- **WORK TO BE COMPLETED**:
Exactly the lines starting at the line containing "CSS excerpt from roadmap" and ending at the line containing "1 Full Compl" are to be written out from the listing below, both included.

- **INPUT DATA**:
---*---

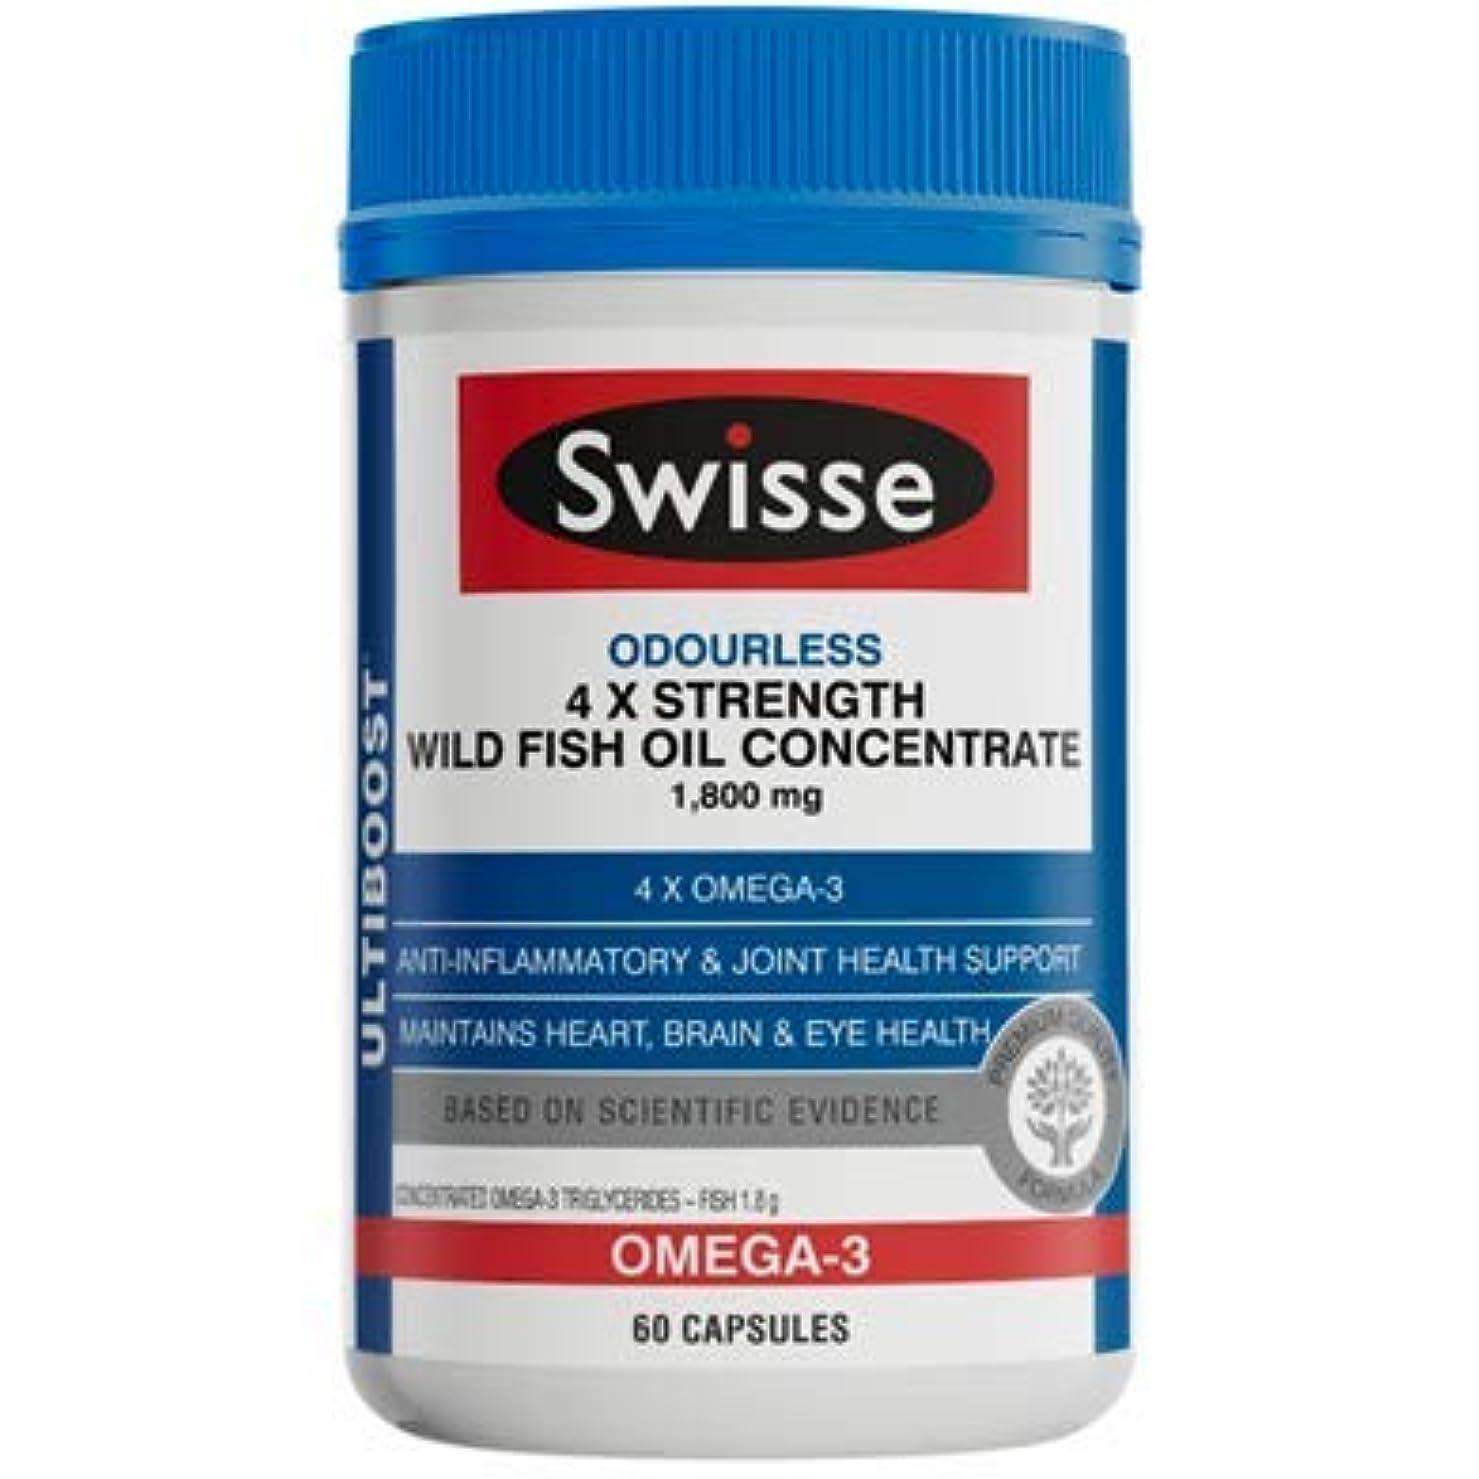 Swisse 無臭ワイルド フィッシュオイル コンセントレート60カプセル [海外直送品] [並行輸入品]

---*---

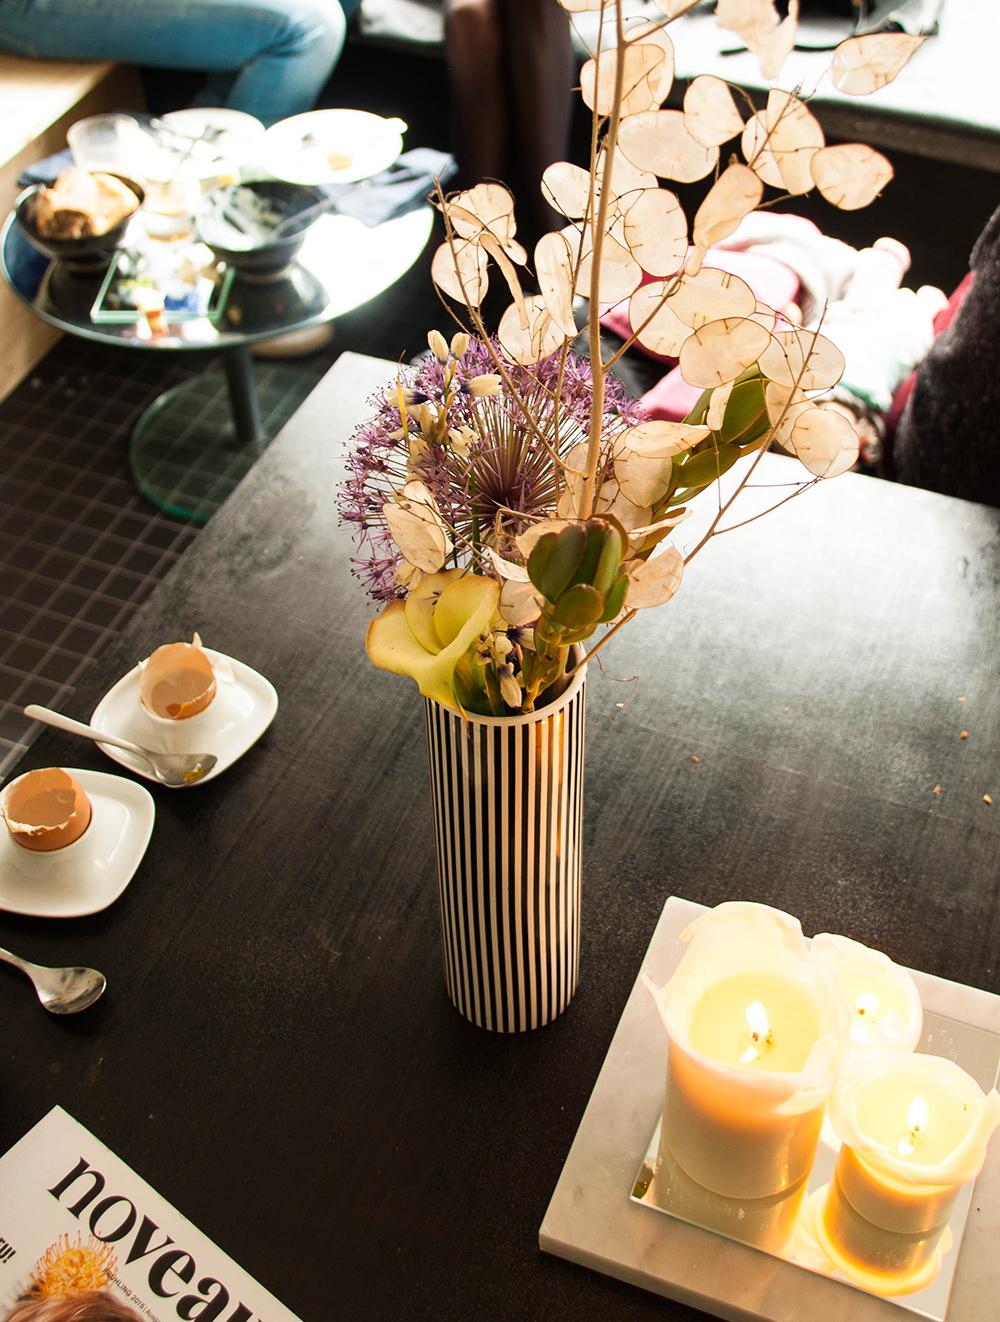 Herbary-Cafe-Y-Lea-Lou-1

---*---

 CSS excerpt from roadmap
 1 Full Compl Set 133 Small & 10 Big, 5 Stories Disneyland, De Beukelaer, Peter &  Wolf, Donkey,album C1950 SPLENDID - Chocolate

---*---

- **COMPLETED TASK**:
 CSS excerpt from roadmap
 1 Full Compl Set 133 Small & 10 Big, 5 Stories Disneyland, De Beukelaer, Peter &  Wolf, Donkey,album C1950 SPLENDID - Chocolate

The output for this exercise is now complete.